Trop tard pour la pédagogie ? "Chacun montre ses muscles et on ne parle plus du contenu, de ce que la loi Travail va apporter aux gens", a déploré Laurent Berger sur Europe 1, lundi matin. "Personne ne parle de la garantie jeune ou de la lutte contre le harcèlement sexuel et les propos sexistes au travail", a-t-il regretté. Mais est-il trop tard pour la pédagogie ? Le chef de file de la CFDT a une nouvelle fois montré du doigt la responsabilité de la CGT. "Quand il fallait discuter, la CGT n'était pas là. Il n'y a pas eu de propositions. La CFDT en a fait", a soutenu Laurent Berger. Il estime que "le texte est satisfaisant parce qu’il répond à des équilibres", y compris concernant l'article 2, vecteur de crispation chez les syndicats.

>> Projet de loi El Khomri : ce qu'il pourrait changer pour les salariés, à lire ici.

Cet article 2 - qui prévoit de faire primer les accords d'entreprises sur les accords de branches - ne doit pas être supprimé, selon la CFDT. "Si le gouvernement le retirait, la CFDT exprimerait un fort mécontentement", a prévenu le dirigeant syndical. 

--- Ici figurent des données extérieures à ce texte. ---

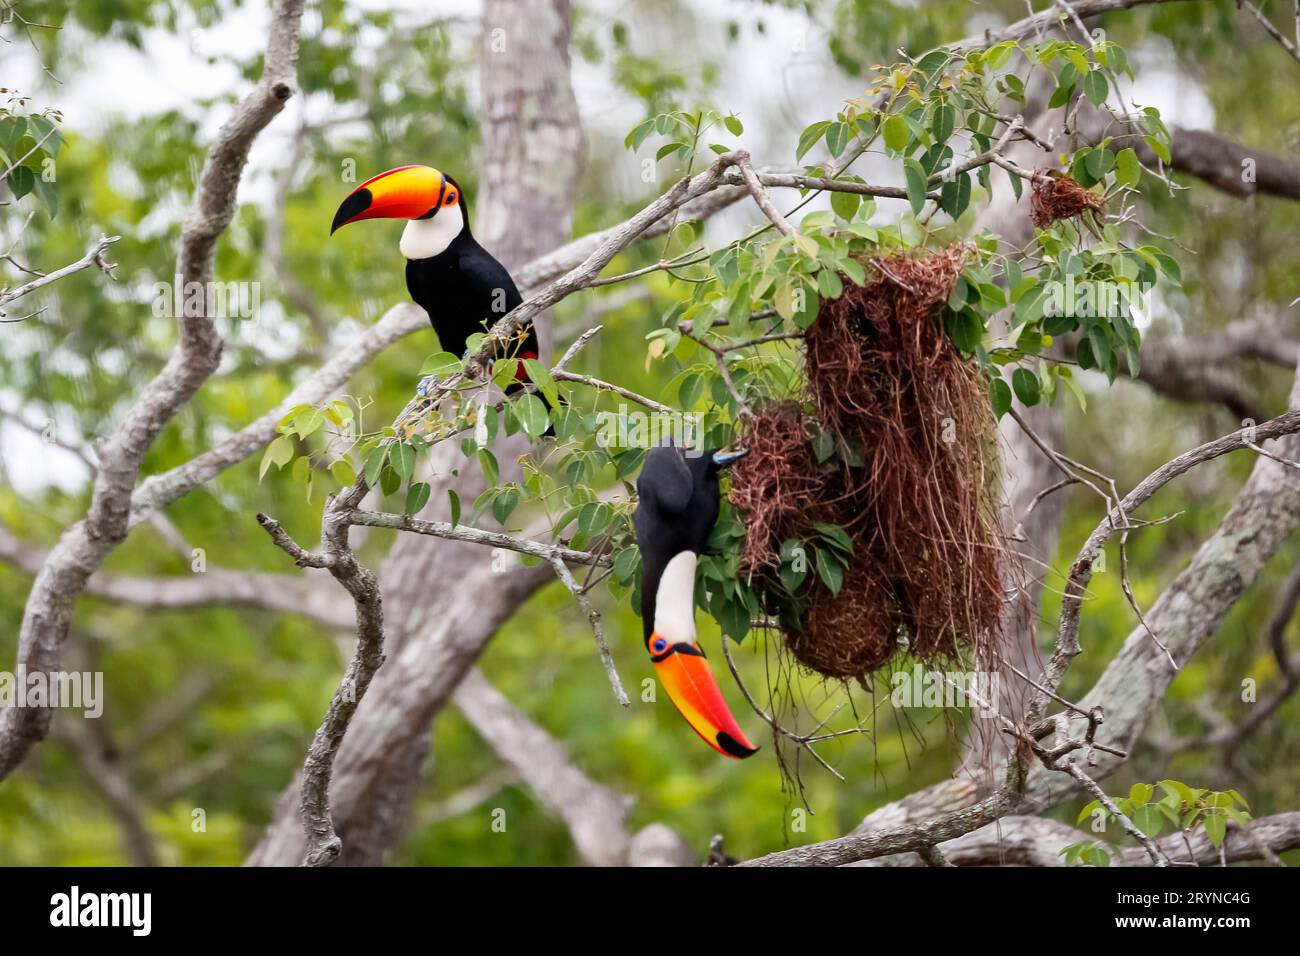 Nahaufnahme von zwei Toco Toucans, die Vögel plündern, nisten in einem Baum, einer sitzt, einer hängt unten, Pantana Stockfoto

"Pas bon pour le syndicalisme". Laurent Berger a par ailleurs appelé à la responsabilité. "Dans certaines raffineries, des militants de la CFDT nous rapportent qu'il n'y a plus forcément de majorité pour bloquer la production", a-t-il accusé. Pour le leader syndical, "il y a en ce moment une forme de radicalité de l'action syndicale. Ce n'est pas bon pour le syndicalisme. Ce n'est pas l'image du syndicalisme du 21e siècle".